Problem statement> The material below should be copied line for line, please, with pictures omitted.

Data shown>
================

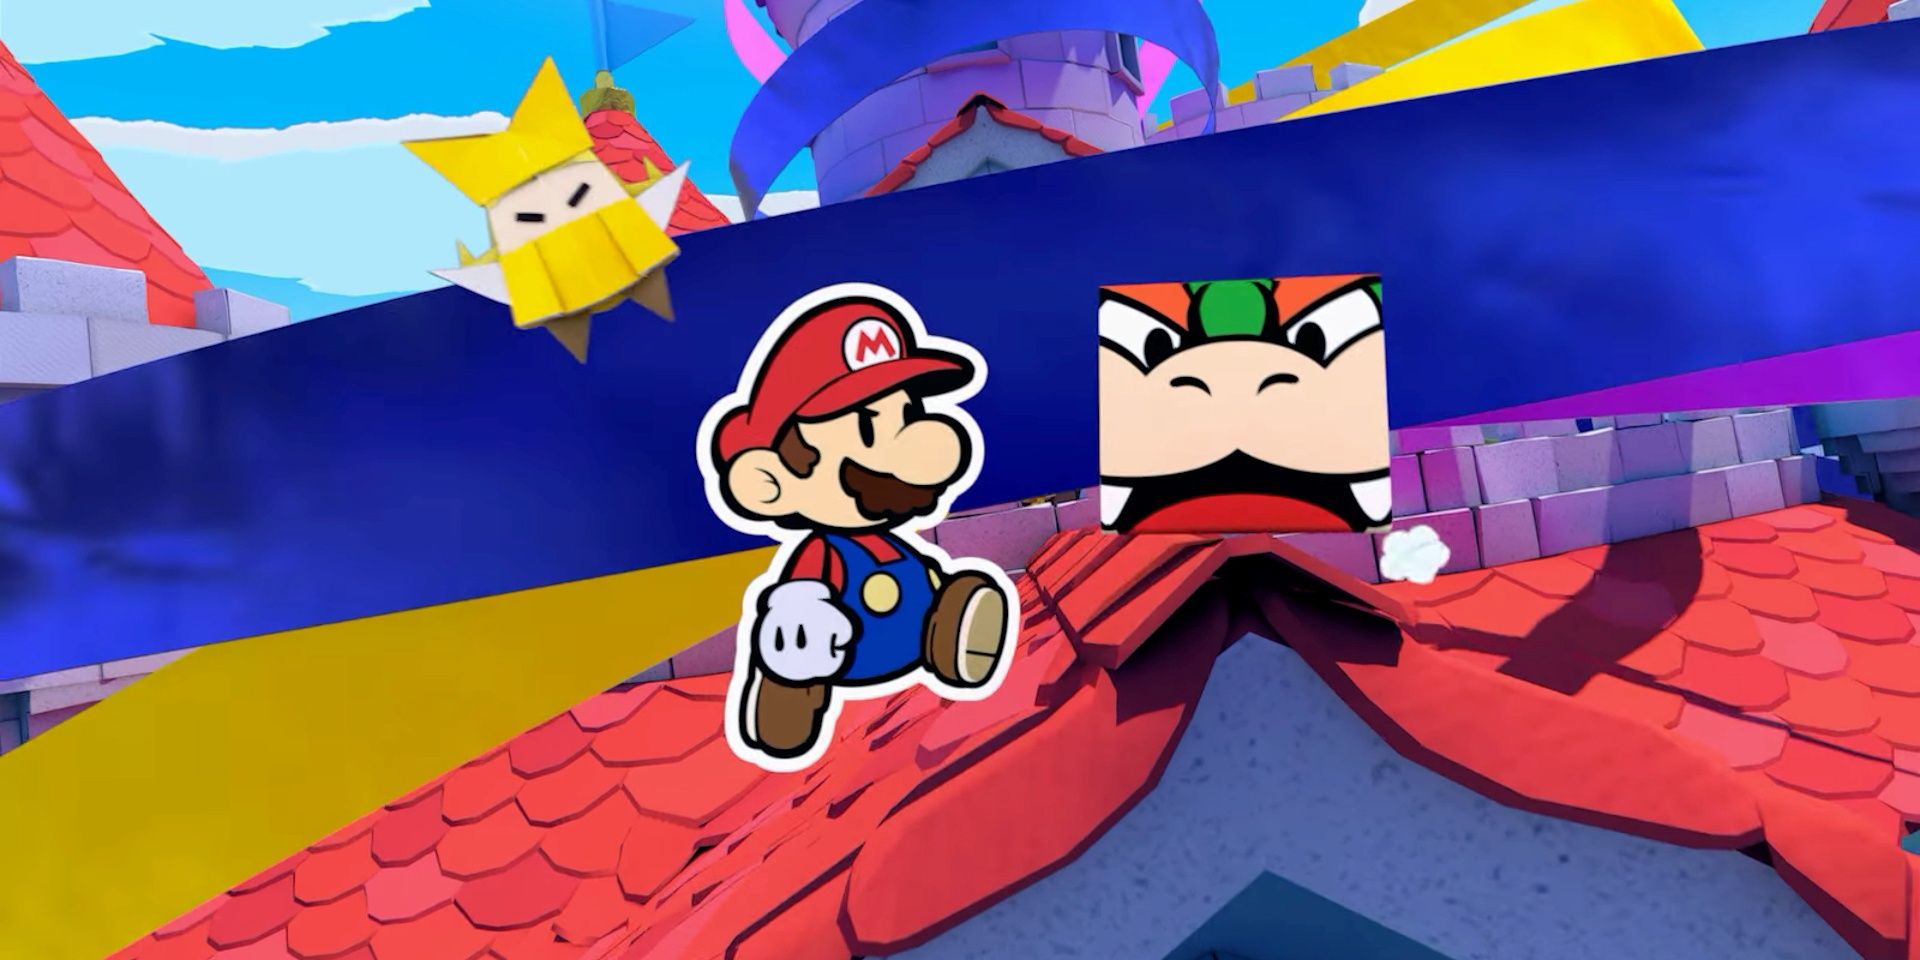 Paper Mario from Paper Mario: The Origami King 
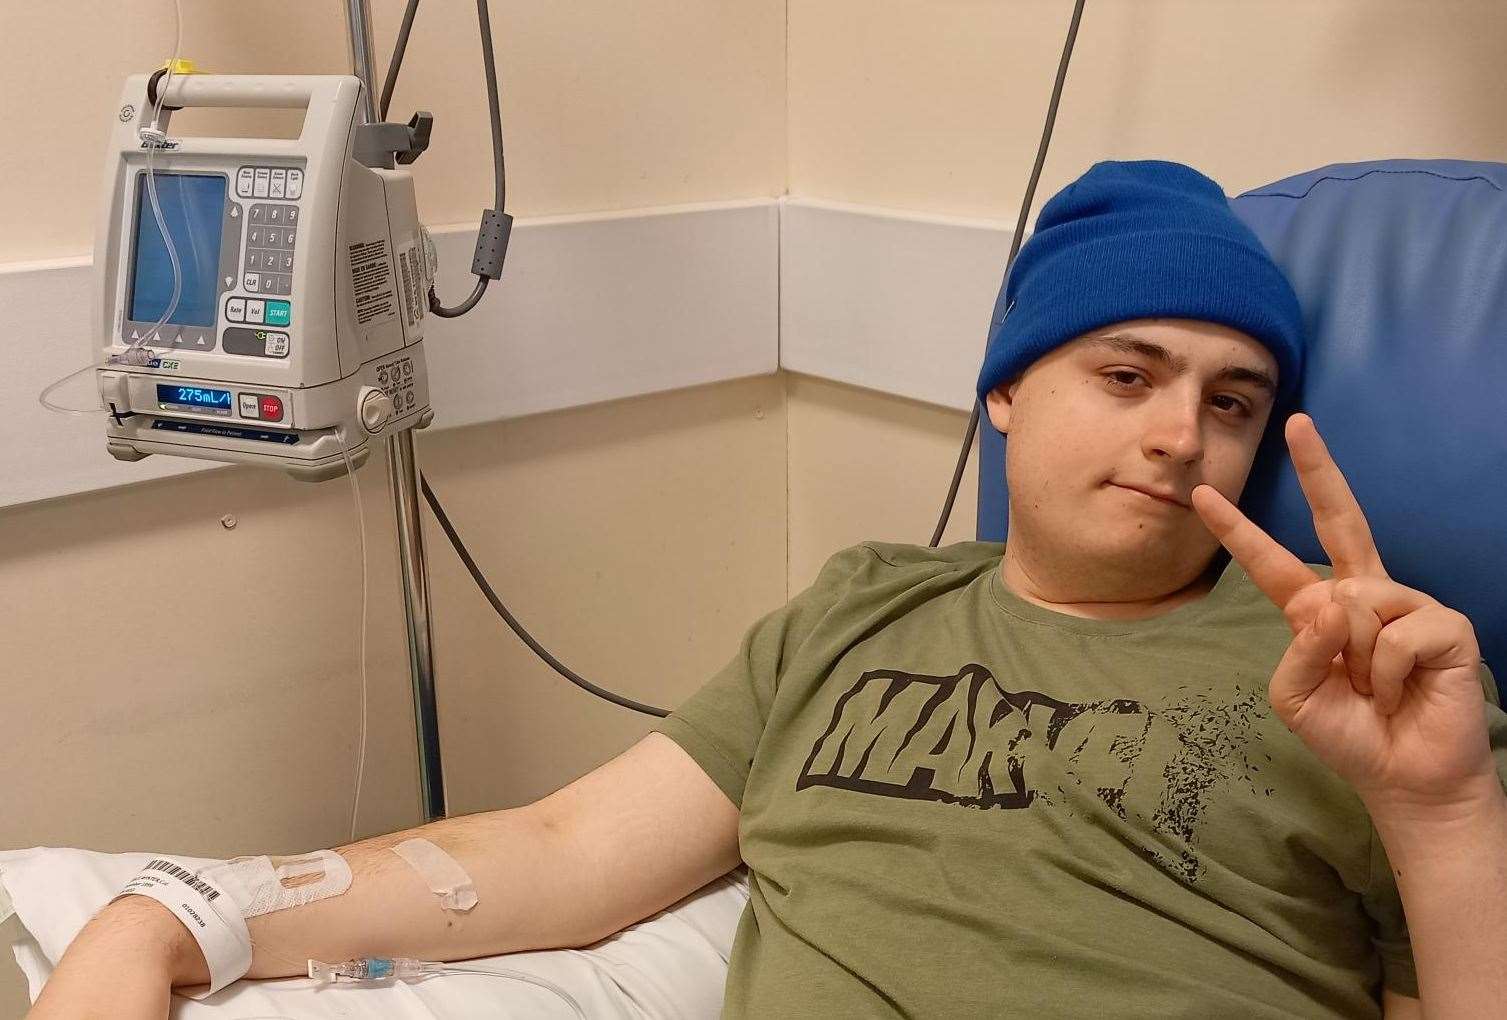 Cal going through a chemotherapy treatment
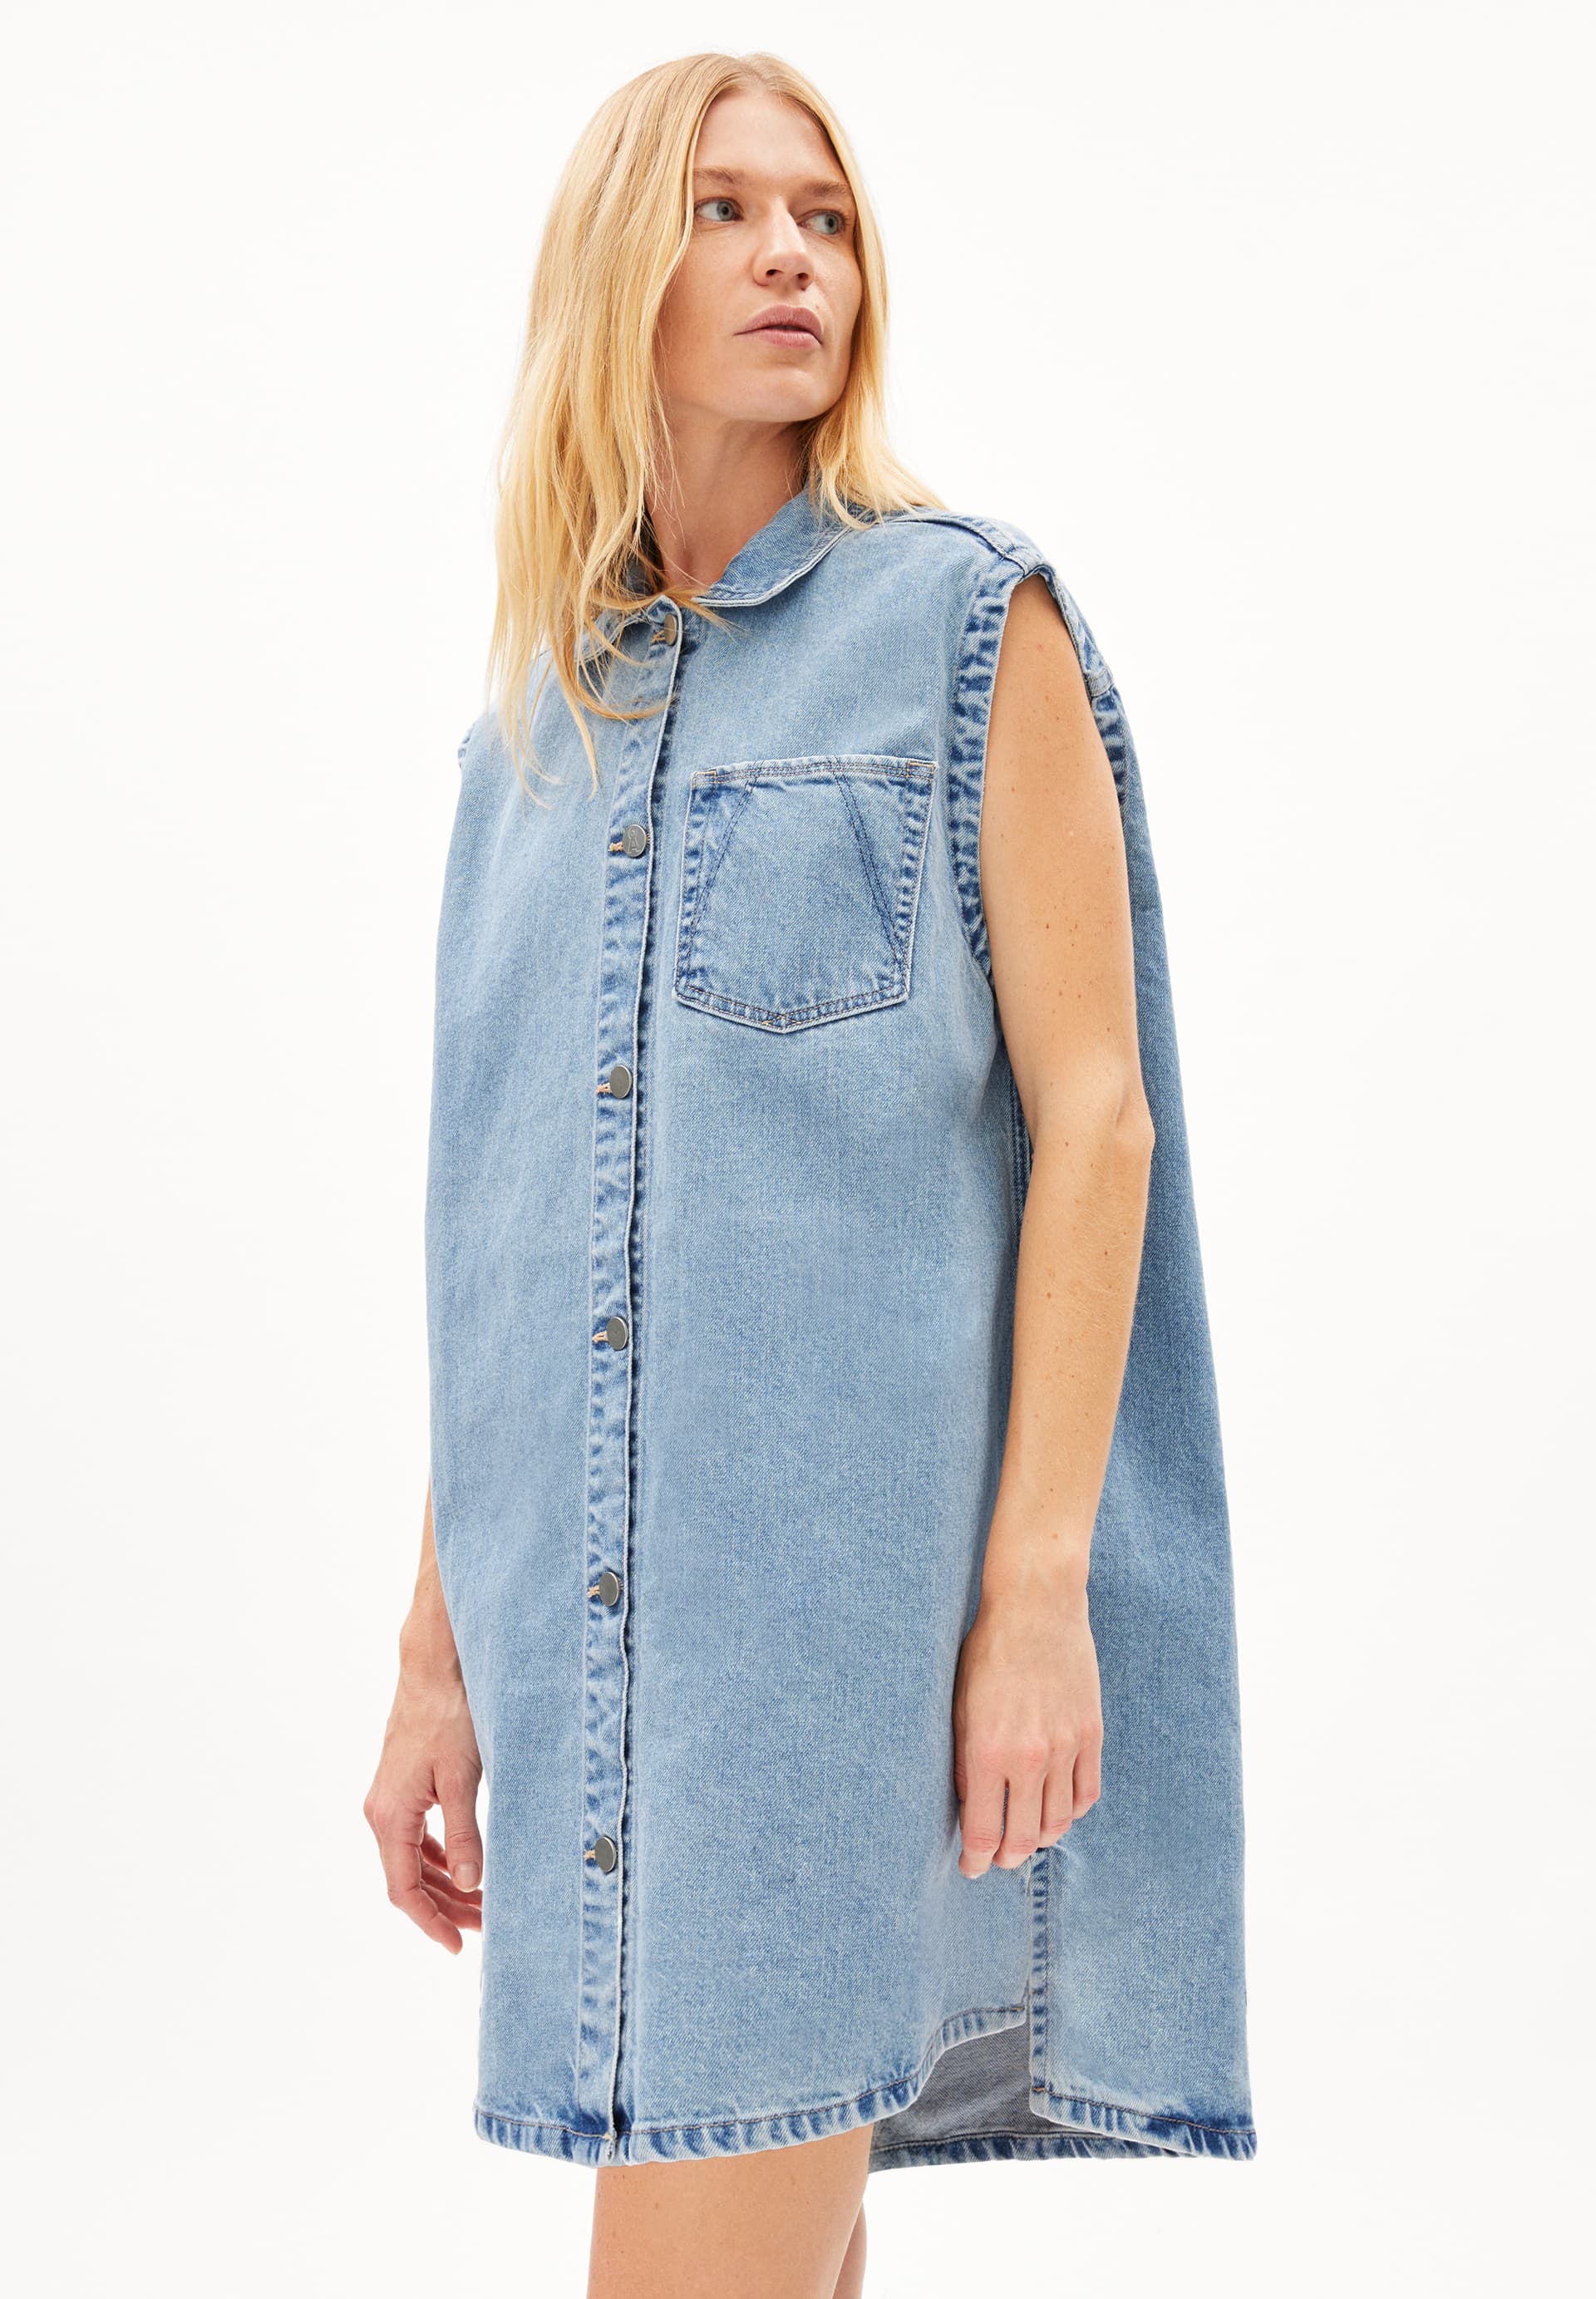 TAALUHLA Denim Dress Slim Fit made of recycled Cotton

================

Output below>
 Paper Mario from Paper Mario: The Origami King 
 Cal going through a chemotherapy treatment
 TAALUHLA Denim Dress Slim Fit made of recycled Cotton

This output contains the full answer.